### Problem to solve
Retype the listing exactly, minus its pictures.

BEGIN Data

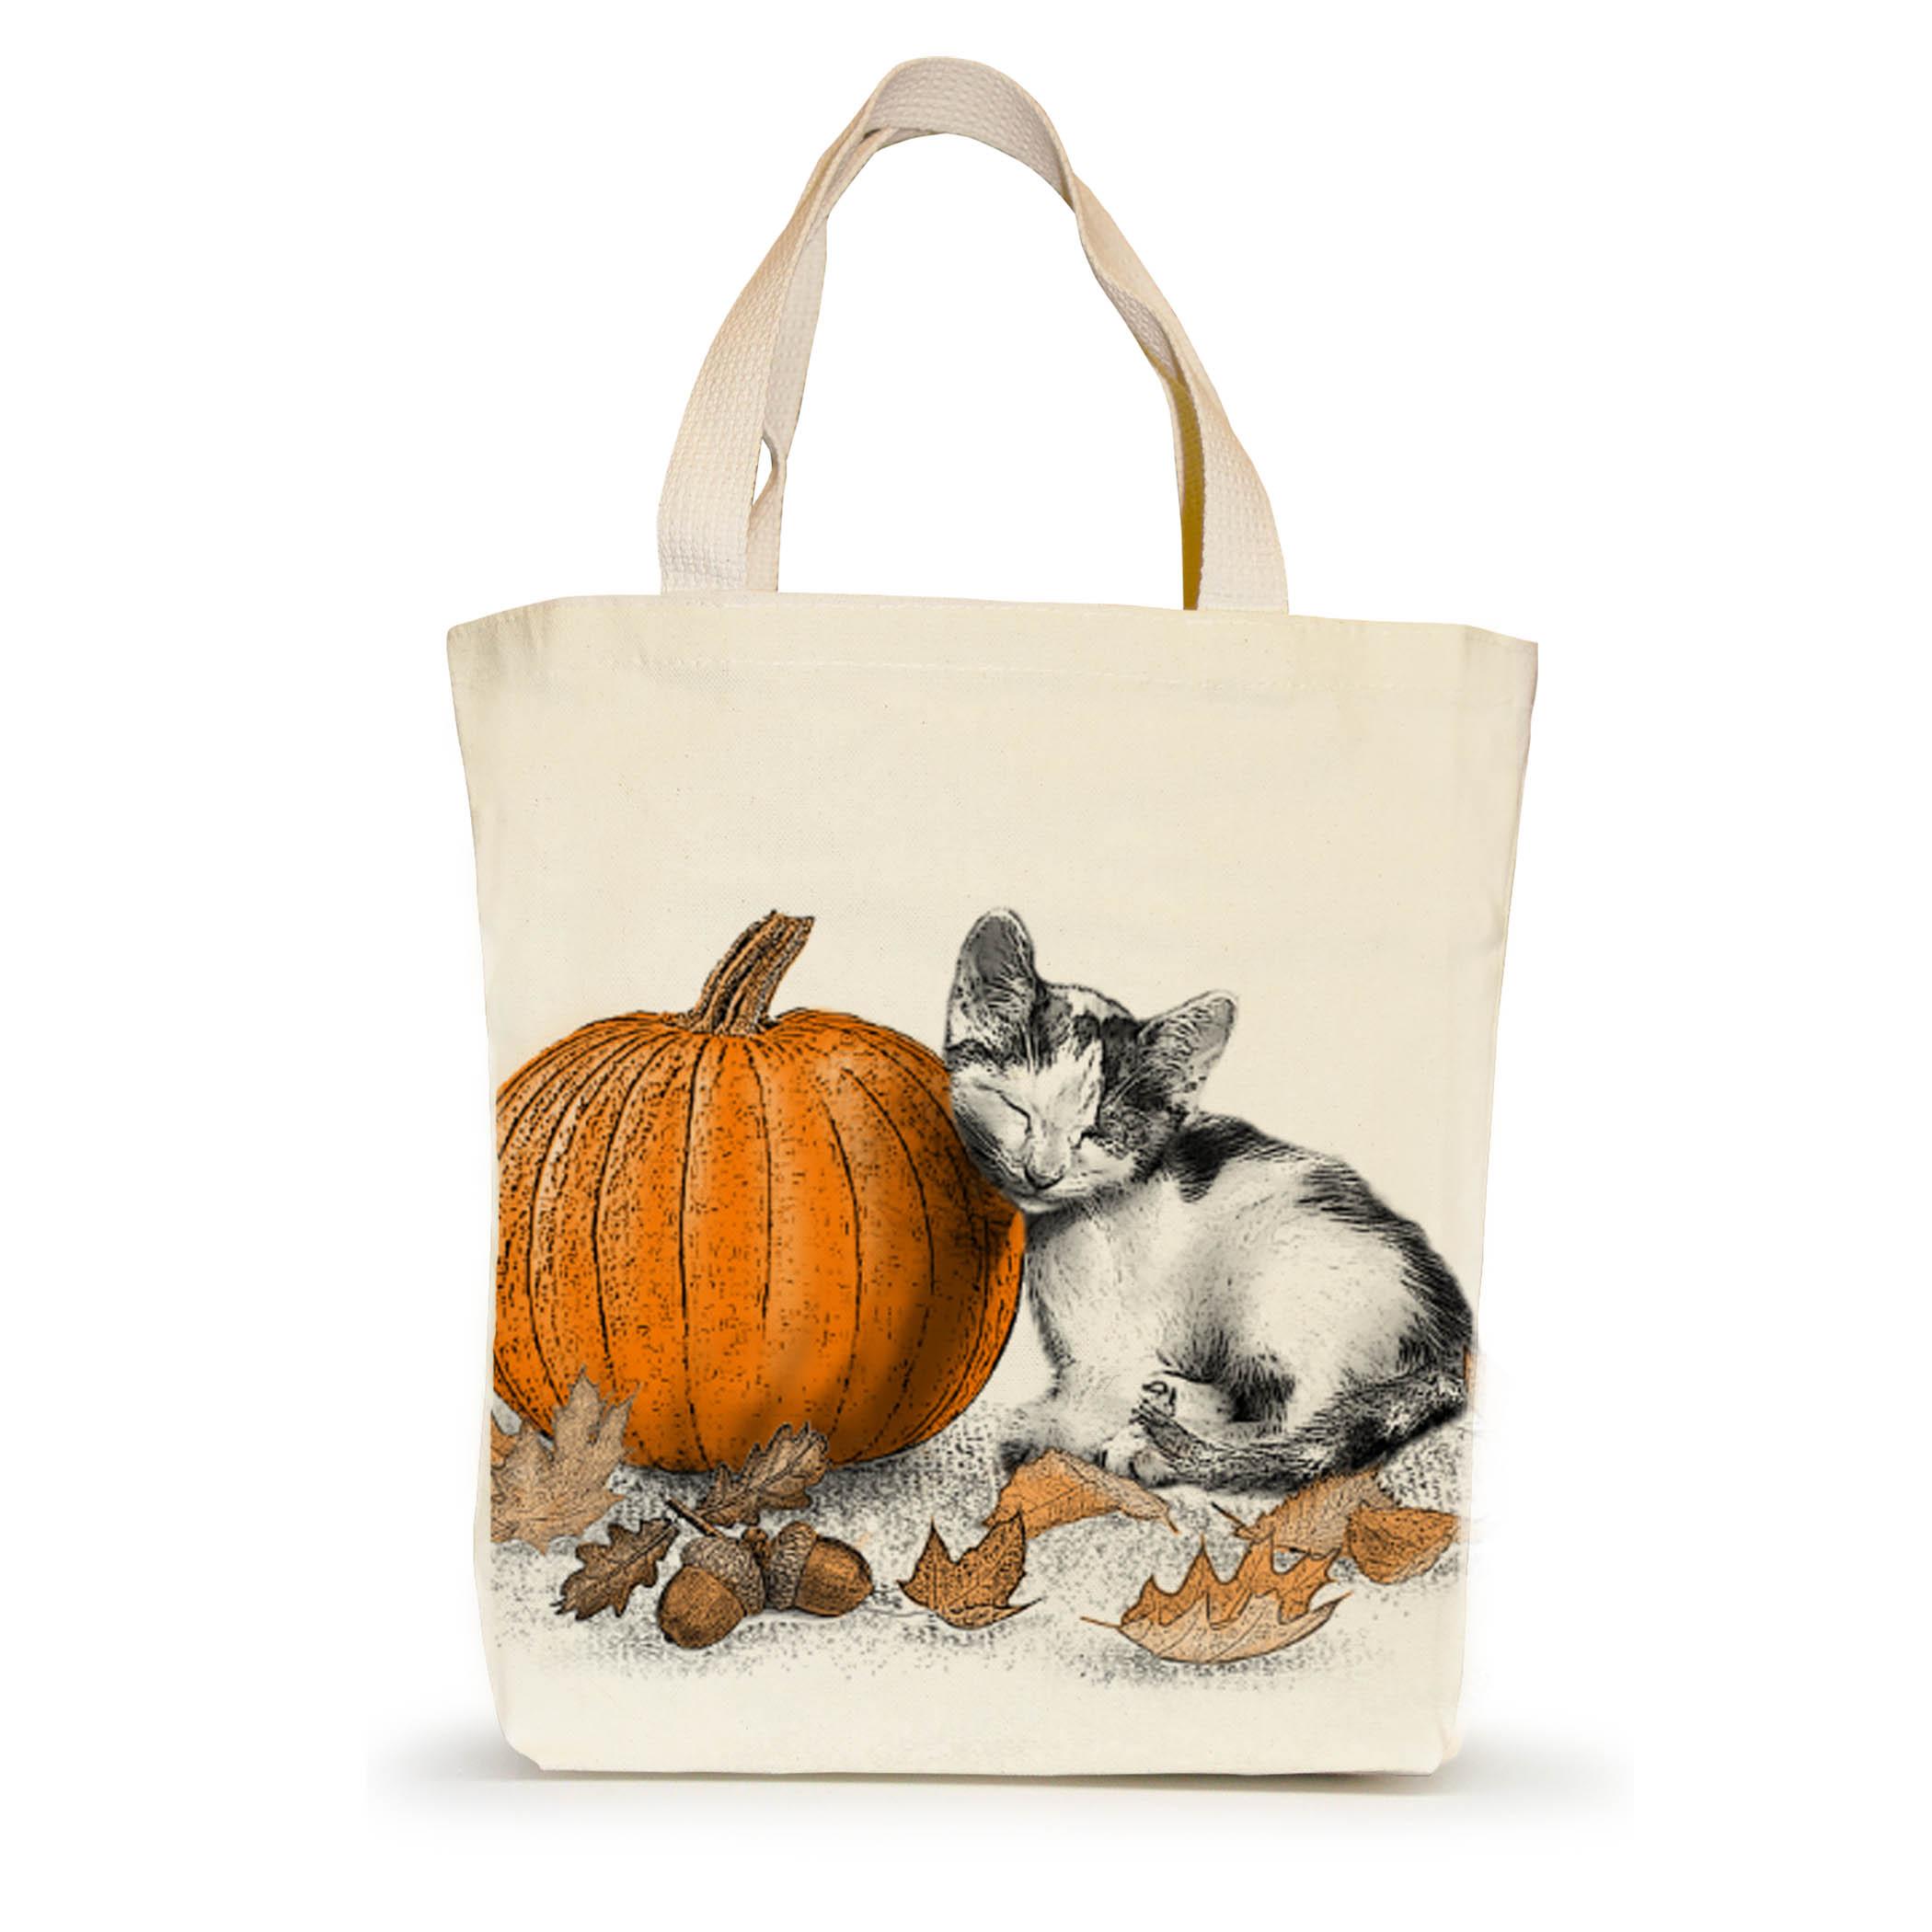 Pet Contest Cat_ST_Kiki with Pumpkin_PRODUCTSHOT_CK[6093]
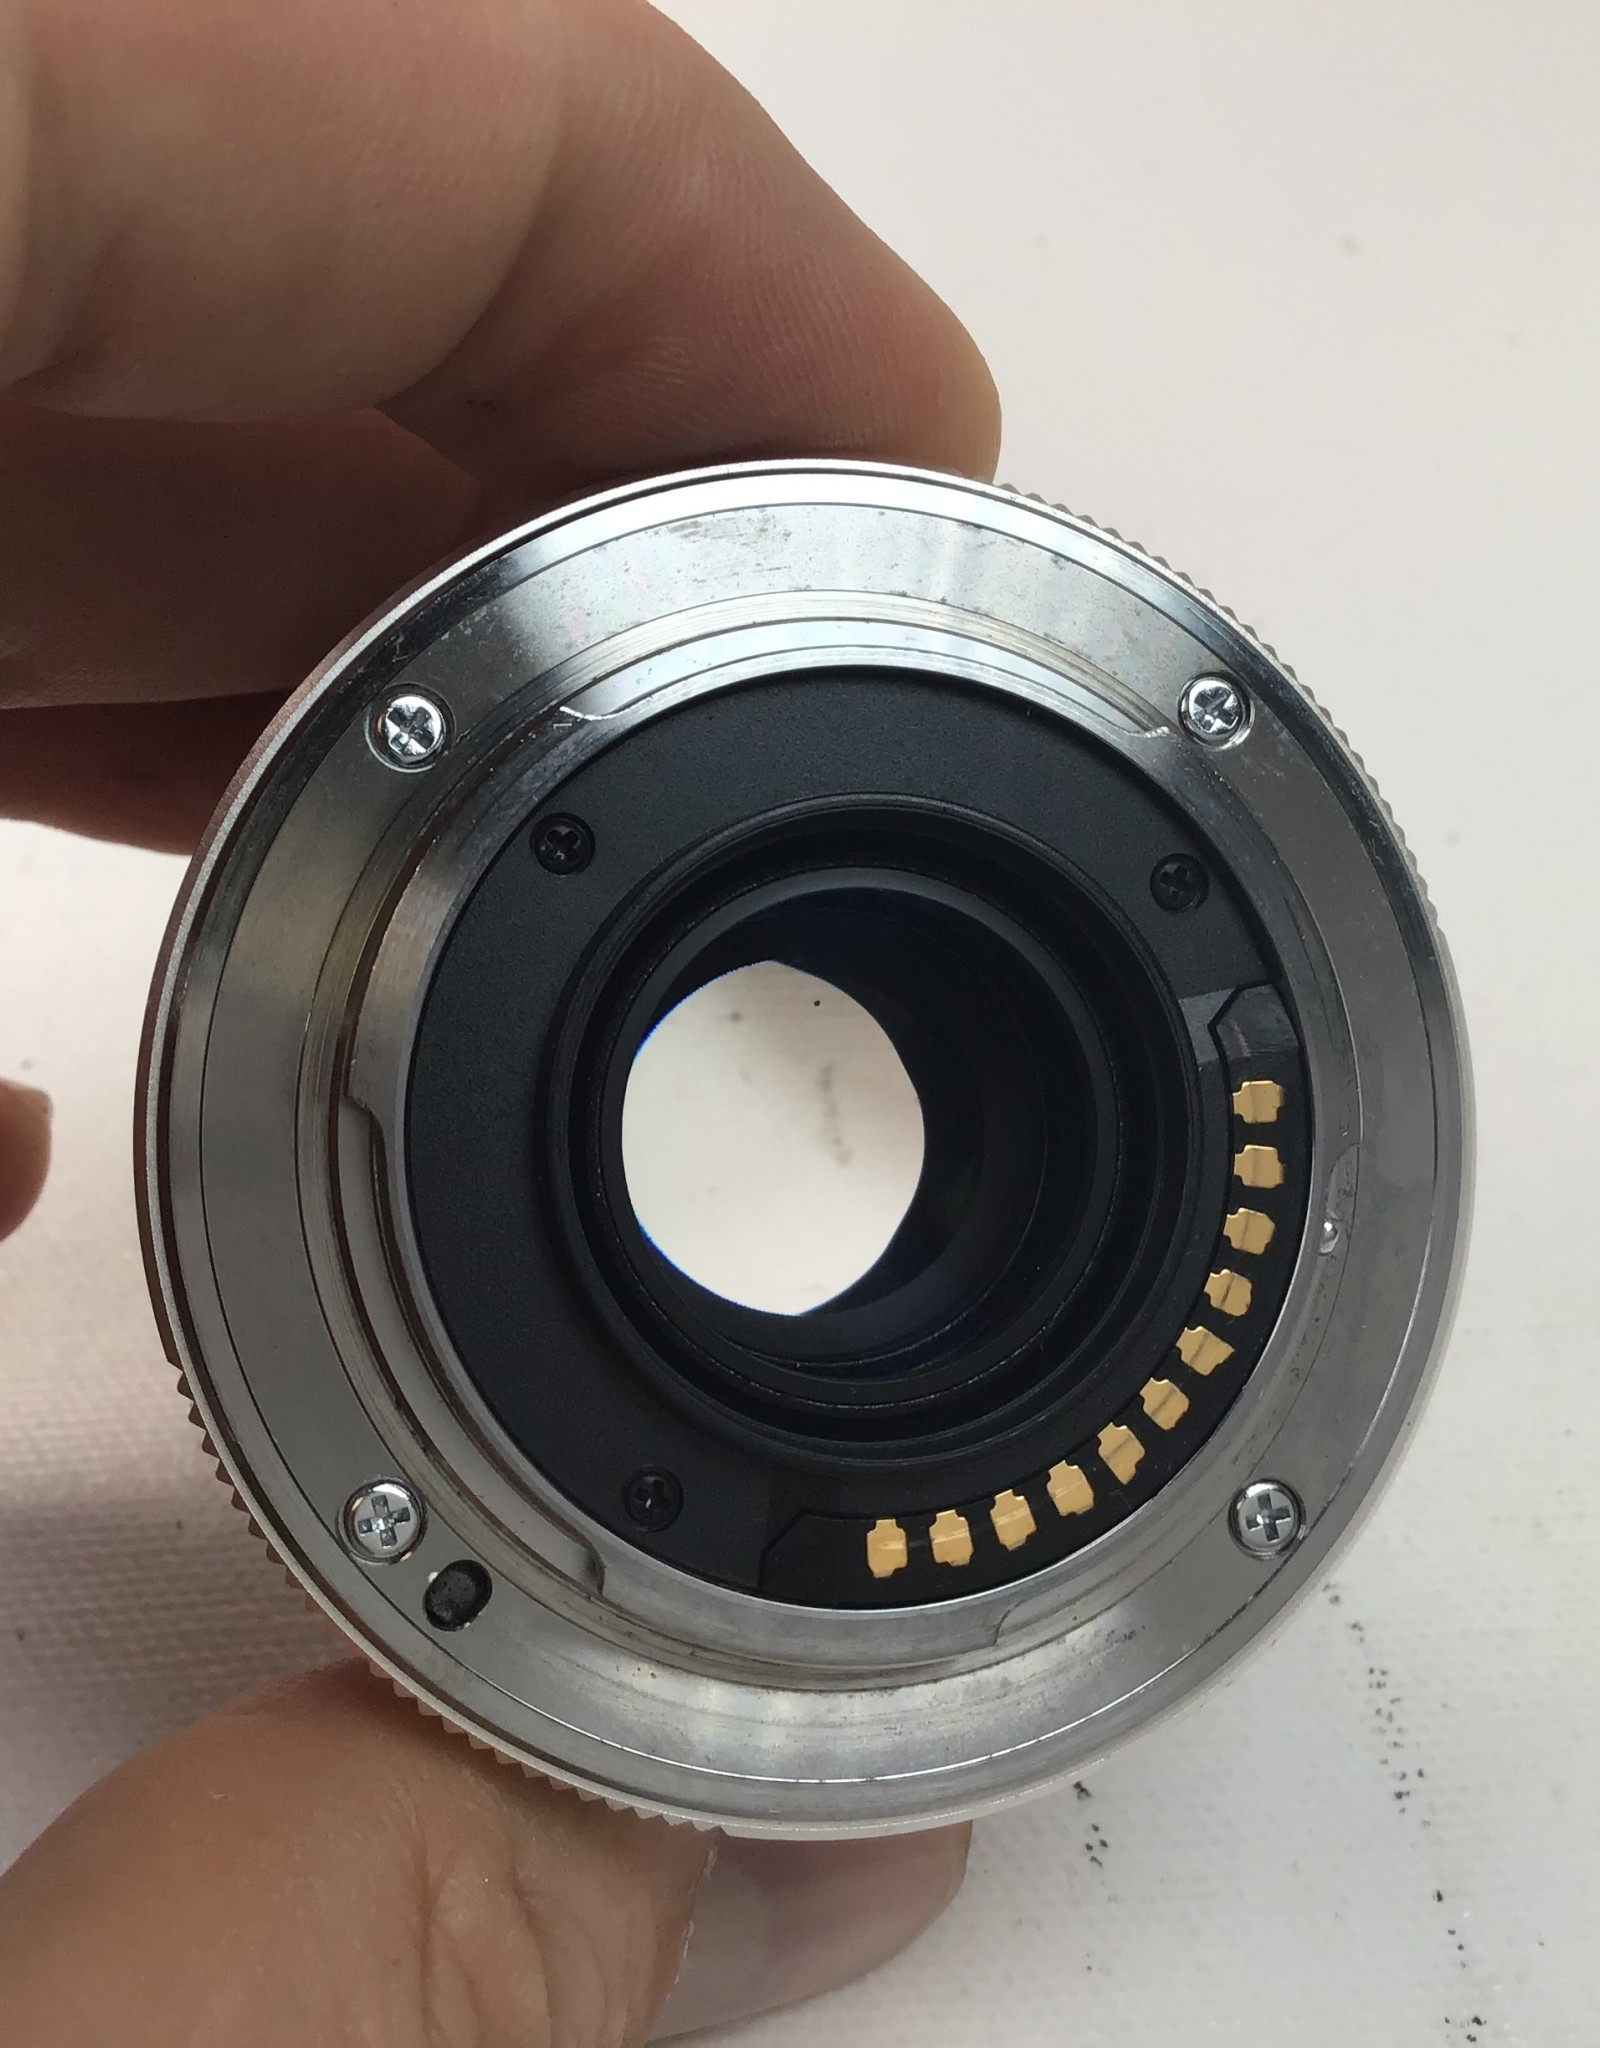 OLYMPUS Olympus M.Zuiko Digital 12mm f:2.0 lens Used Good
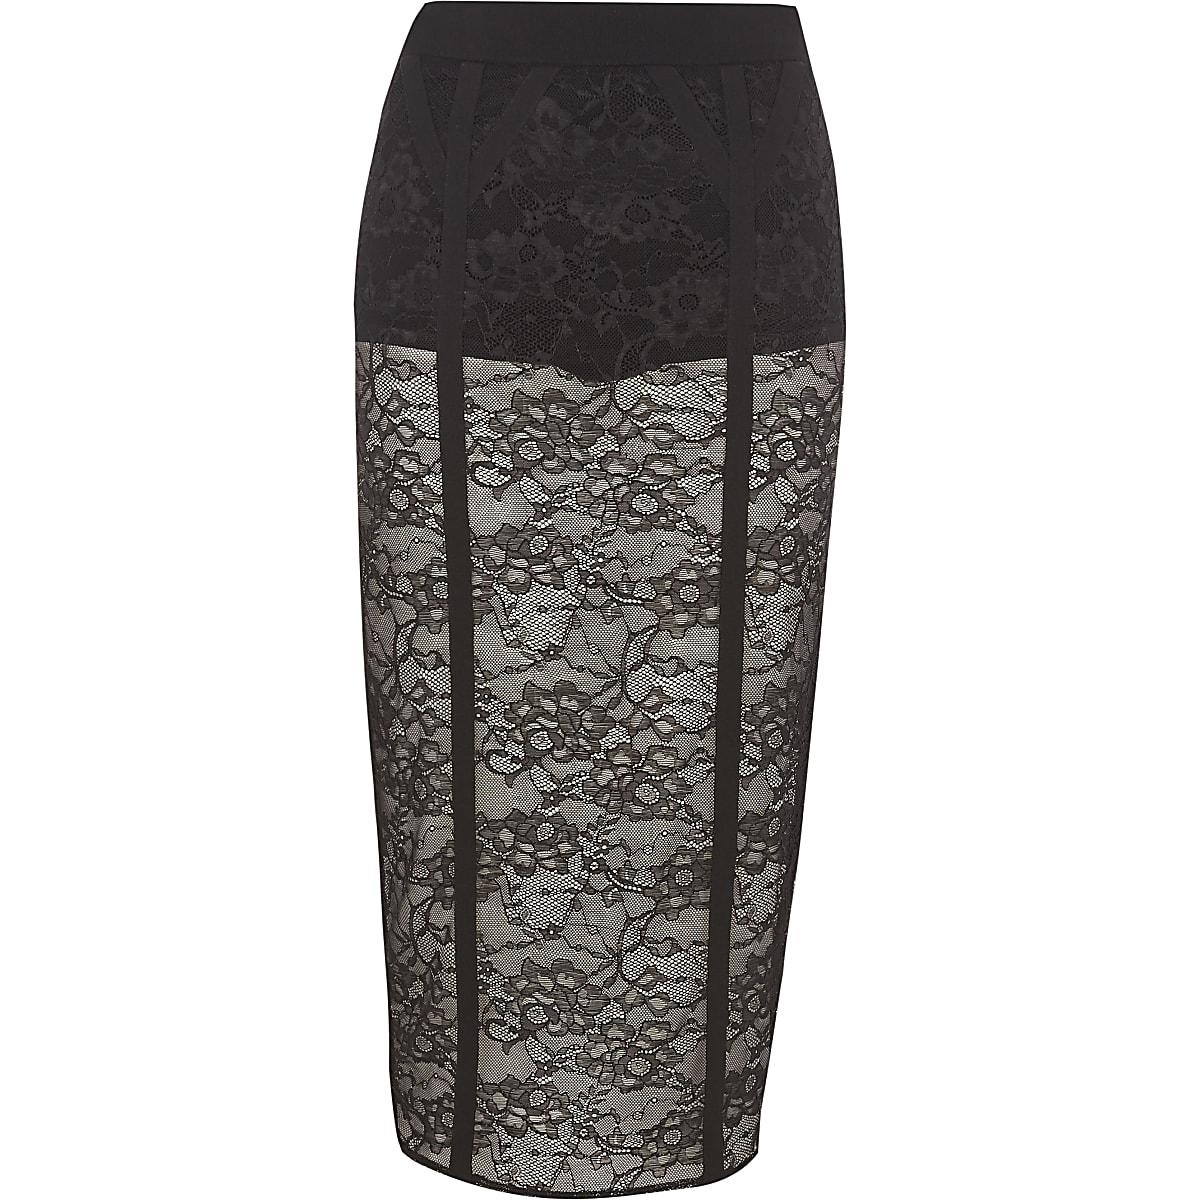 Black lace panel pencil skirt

END Data

### Task output
 Pet Contest Cat_ST_Kiki with Pumpkin_PRODUCTSHOT_CK[6093]
 OLYMPUS Olympus M.Zuiko Digital 12mm f:2.0 lens Used Good
 Black lace panel pencil skirt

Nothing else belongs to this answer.